«Les Gilets jaunes mettent en lumière les manques des syndicats»

Manifestation
© Keystone/Christoph Hardt/Geisler-Fotopres

Cinquième samedi de mobilisation des Gilets jaunes, le 15 décembre dernier, sur les Champs-Elysées.

Pour le syndicaliste français Gaël Quirante, le rôle des directions syndicales est d’appeler à une grève générale

 «Ce n’est qu’un début, continuons le combat»: ce slogan de Mai 68 est-il d’actualité après l’intervention télévisée du président Emmanuel Macron en début de semaine dernière, qui a notamment annoncé une revalorisation de 100 euros du Smic, le salaire minimum? Nous avons voulu prendre le pouls de la fraction la plus combative du mouvement syndical français et joint Gaël Quirante peu avant qu’il n’entre au Tribunal de Versailles pour une audience. Ce secrétaire syndical départemental de Sud-PTT, syndicat rattaché à l’Union Solidaires, est en conflit avec La Poste, qui l’a licencié au printemps dernier en l’accusant de séquestration pour avoir participé à une occupation de locaux de la direction en 2010. Le facteur est par ailleurs l’un des animateurs du Front social. Cette coordination, qui réunit une centaine de sections syndicales parmi les plus dynamiques de la CGT, de Sud et de la CNT, avait organisé les premières manifestations au lendemain de l’élection de Macron.

Est-ce que la grève lancée par solidarité à la suite de votre licenciement se poursuit?

Oui. C’est un mouvement inédit et historique puisqu’il y a toujours 20% des facteurs et des factrices de mon département des Hauts-de-Seine qui sont en grève reconductible depuis le 26 mars dernier.
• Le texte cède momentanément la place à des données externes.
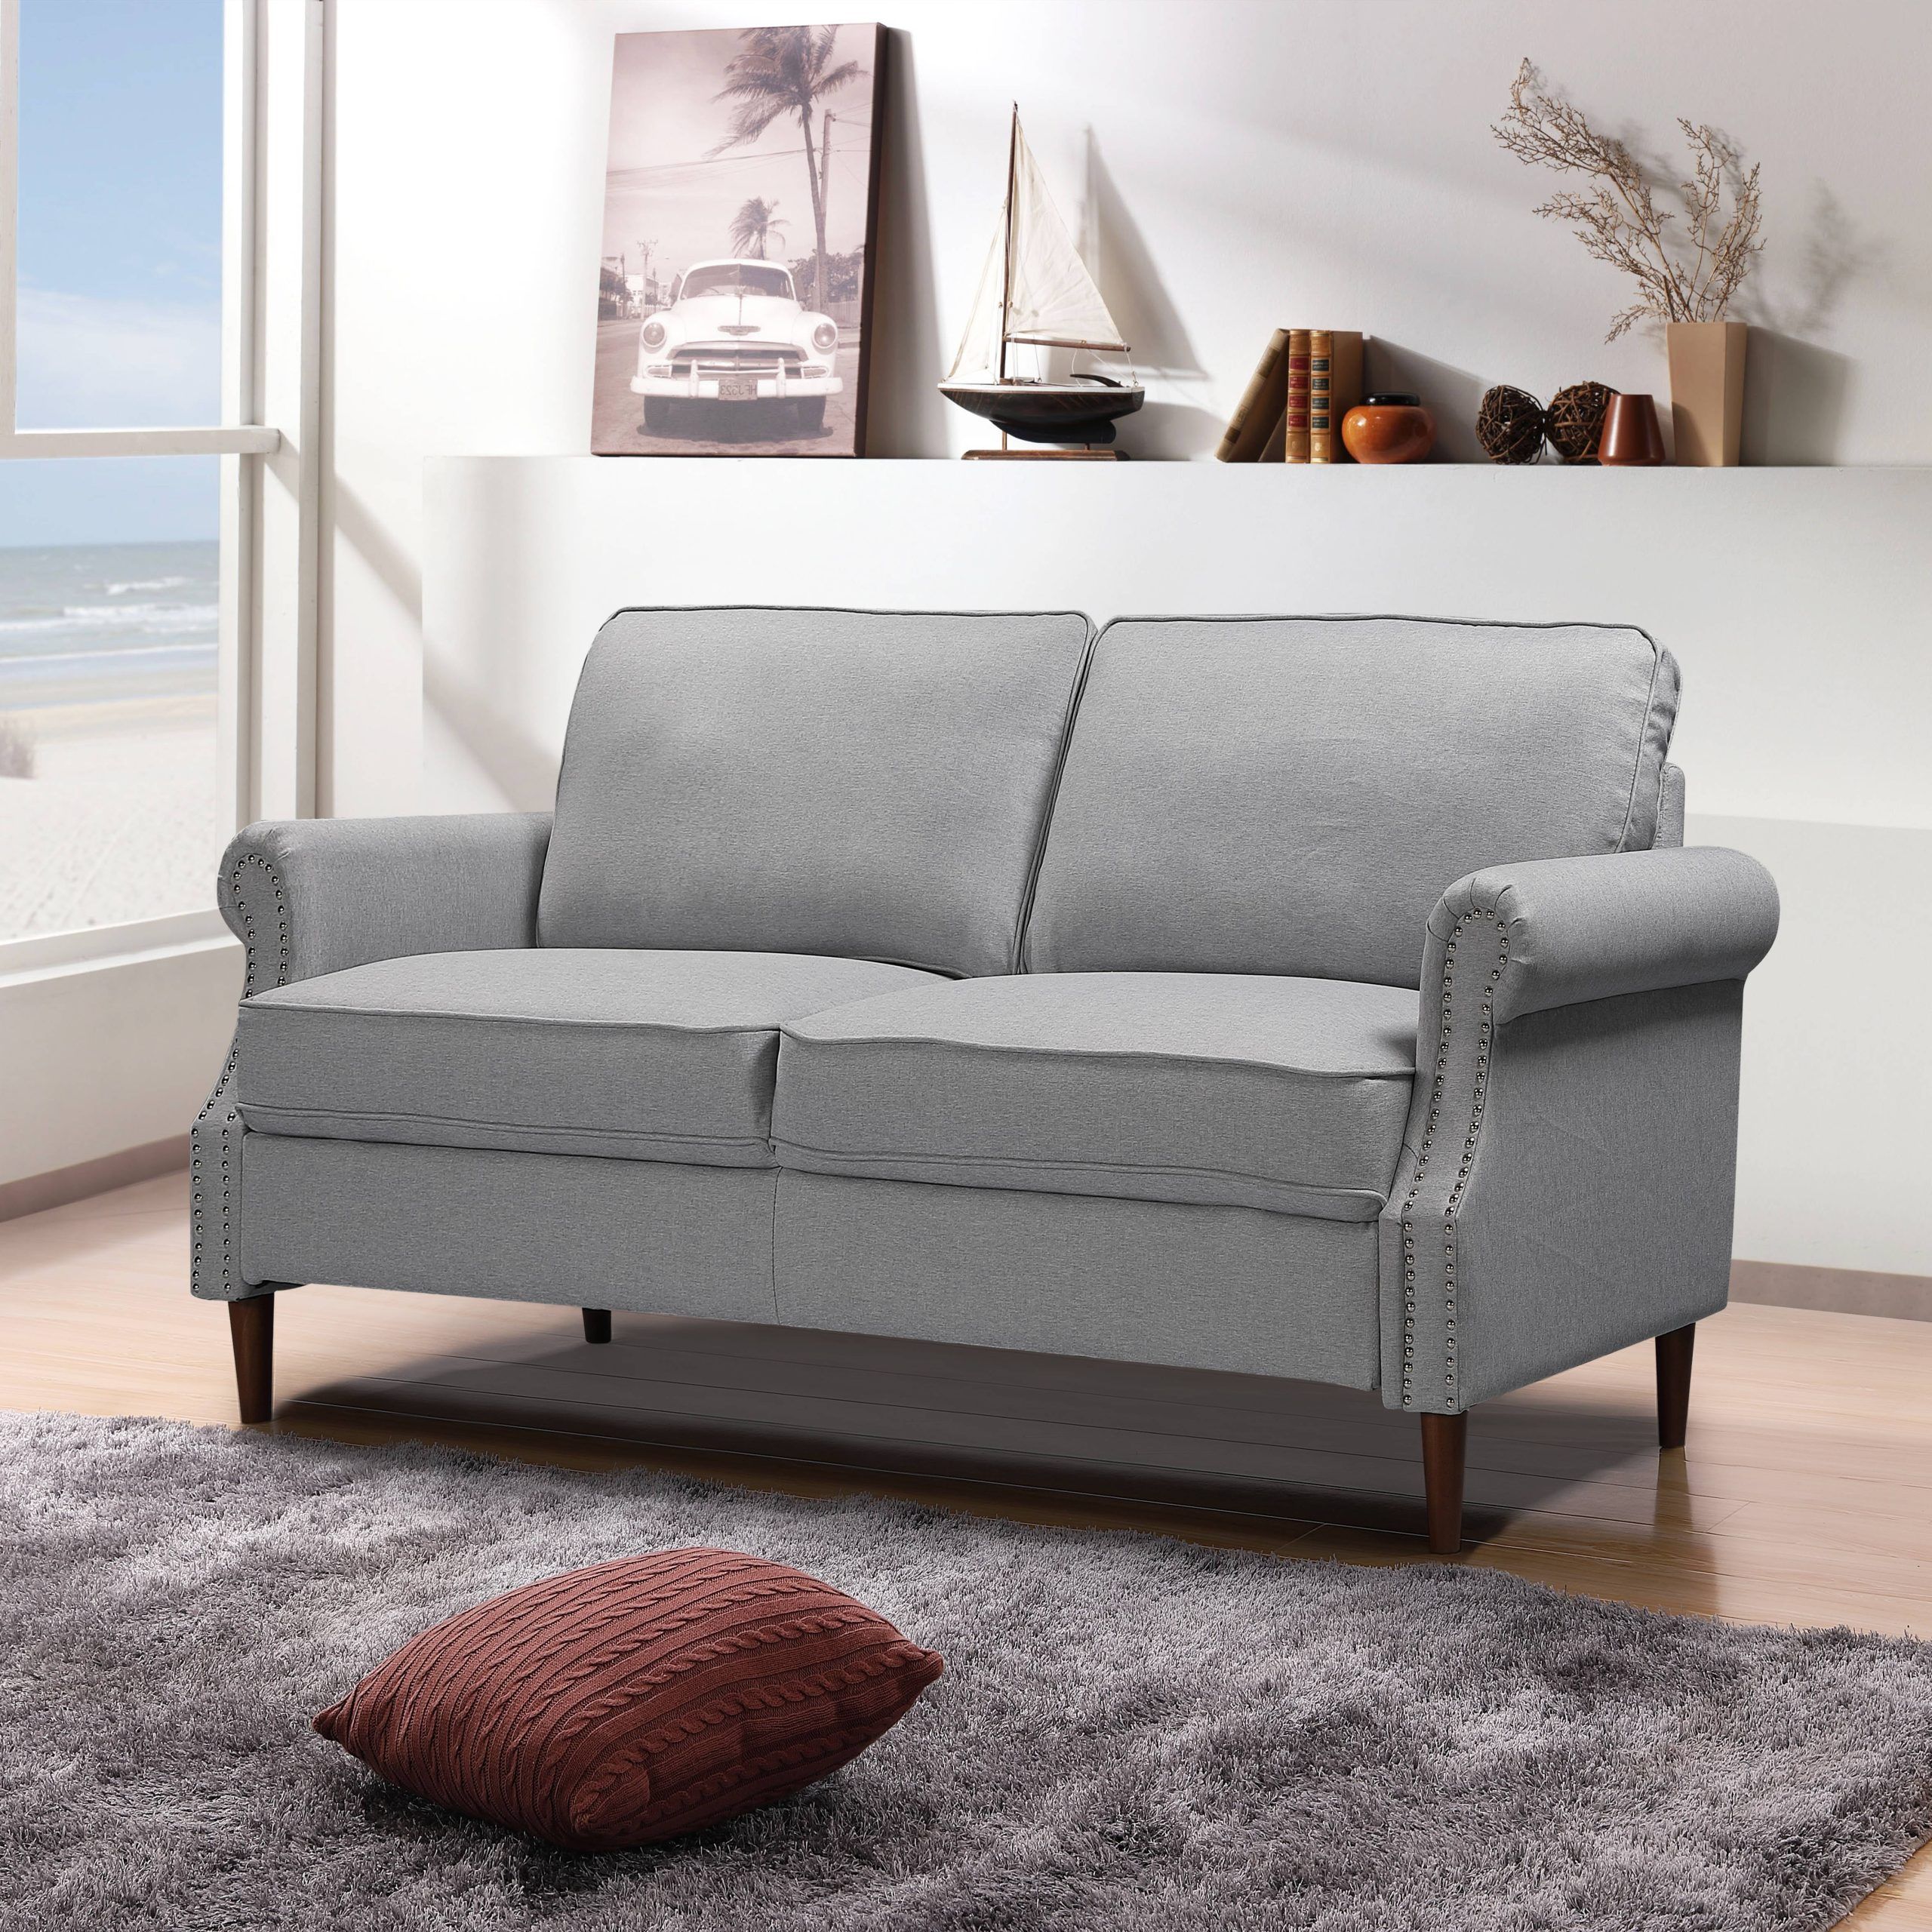 Gray Loveseat, Modern Linen Farbic Sofas For Small Spaces, Upholstered Within Sofas For Small Spaces (View 12 of 20)

Je suis licencié de l’entreprise, mais les tribunaux ont reconnu jusqu’à présent que je peux être représentant des postiers et des postières. Ça agace tellement La Poste qu’elle tente par un procès de remettre en cause ma liberté de circulation dans les centres de La Poste des Hauts-de-Seine et mon mandat de représentant syndical.

Comment jugez-vous les annonces du chef de l’Etat?
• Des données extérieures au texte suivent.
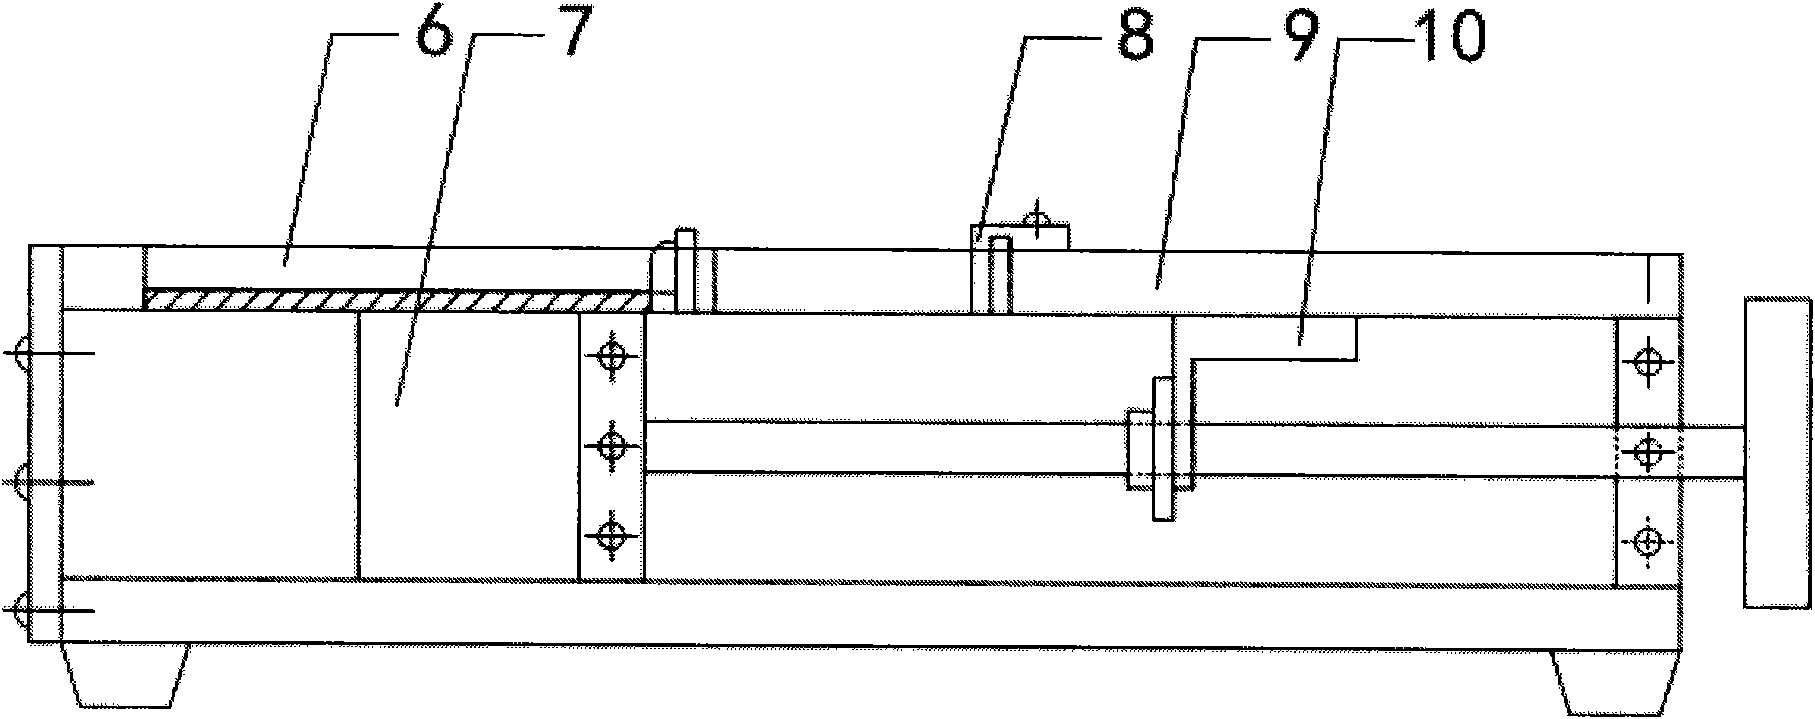 Device for applying oscillatory constant fluid shearing force to anchorage-dependent cells

La mobilisation des Gilets jaunes et son impact sur l’ensemble du monde du travail et de la jeunesse oblige le président et le gouvernement à se positionner sur la question du pouvoir d’achat. Mais le compte n’y est absolument pas. Ce qui est proposé là n’est pas une augmentation de salaire, mais correspond juste à l’inflation et à une hausse accélérée de la prime d’activité (allocation en faveur des travailleurs modestes, ndlr), et cela ne concerne pas tous les salariés. Le but est de calmer la mobilisation, mais ça montre que ce gouvernement, qui voulait paraître d’une extrême fermeté, capable de maintenir son cap, se retrouve en difficulté lorsque les mobilisations sont fortes, déterminées et non domestiquées.
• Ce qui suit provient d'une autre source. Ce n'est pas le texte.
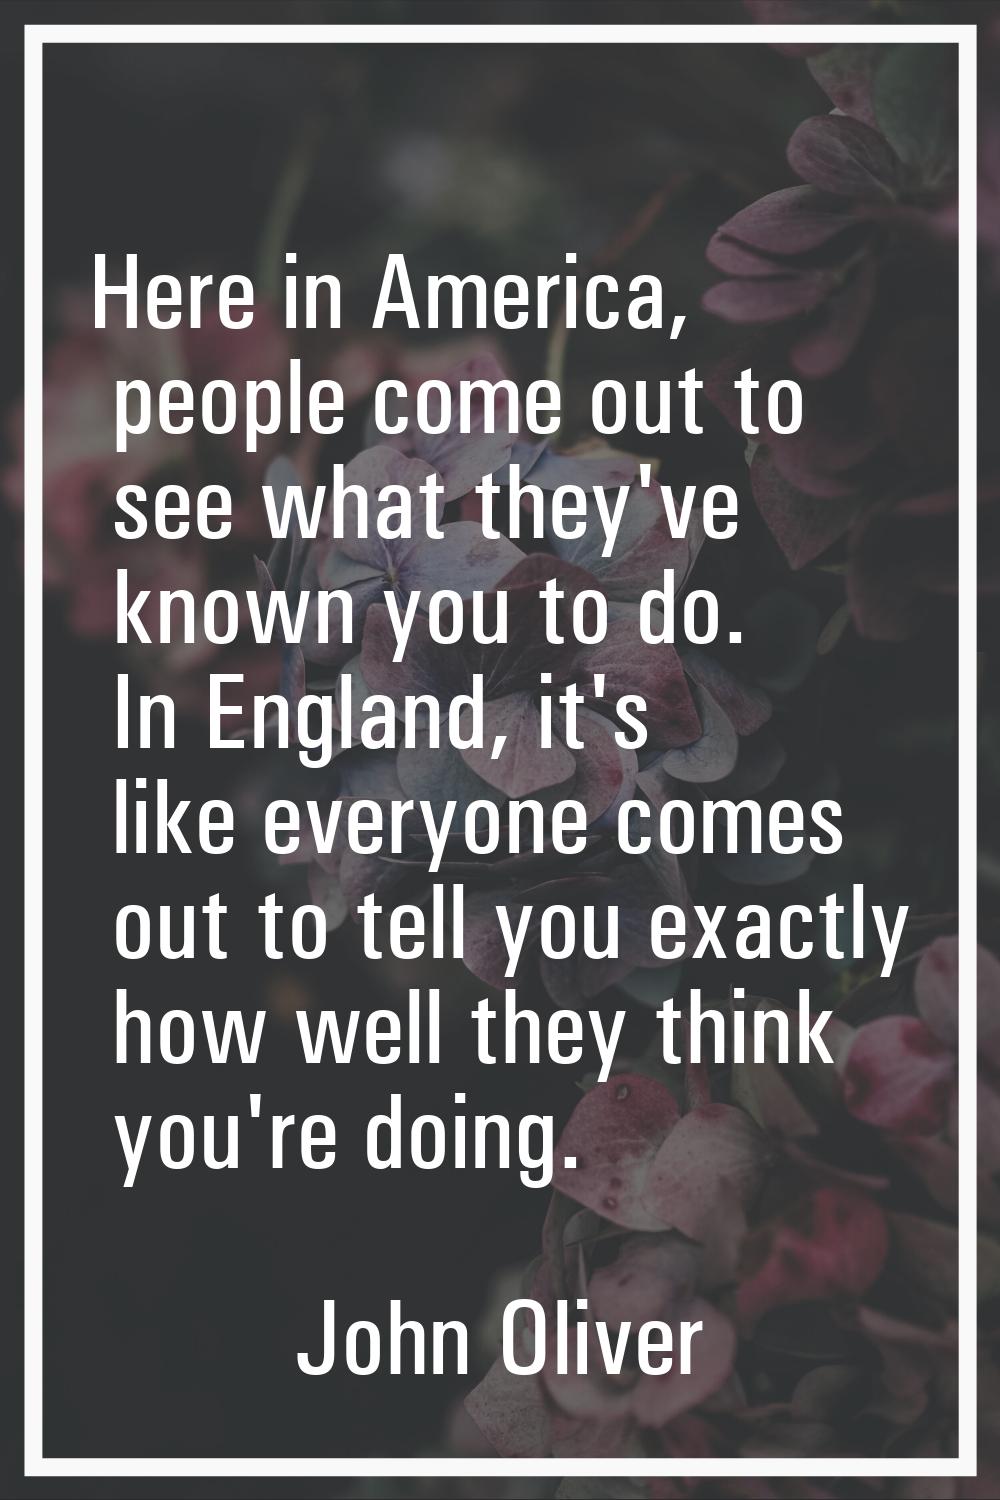 Here in America, people come out to see what they've known you to do. In England, it's like everyon

Comment se situent les syndicats face à ce mouvement social? Finalement, est-ce que vous n’auriez pas souhaité que les Gilets jaunes soient rouges?

Ce n’est pas la question, je ne regrette pas ce que les Gilets jaunes sont. Pour moi, ce sont les syndicats qui devraient être un peu plus rouges… Les directions syndicales devraient appeler à la grève. C’est ce qu’ont fait les lycéens et les étudiants avec leurs propres revendications contre la sélection à l’entrée de l’université et Parcoursup (application en ligne d’orientation des bacheliers vers les formations supérieures, ndlr). Ce qui est grave, c’est que les directions syndicales, à l’exception de Solidaires, ont montré leur pire visage en participant à des discussions avec le président et le gouvernement. Au contraire, notre rôle doit être d’appeler à la grève, à sa généralisation, sa massification, à construire un mouvement d’ensemble, une grève générale qui permette de faire basculer les revendications pour une hausse des salaires et des pensions, c’est ça qui est en jeu.

Si l’on vous comprend bien, vous appelez à une grève générale comme en Mai 68?

Il arrive un moment où, malgré toute la force et la colère exprimées par les Gilets jaunes, il y a un seuil, ou un pic, qui doit être atteint. Qu’est-ce qui peut faire que le gouvernement recule et qu’on gagne de manière significative sur la question des salaires et des conditions de travail, si les salariés ne se mettent pas en branle? Cette question de la grève générale est décisive, mais, à part Solidaires, elle n’est pas encore d’actualité pour les directions syndicales. Ce mouvement des Gilets jaunes met en lumière tous les manques des directions syndicales, qui ont depuis trop longtemps accepté, sous prétexte de dialogue social, toute une série de régressions menées par les gouvernements successifs.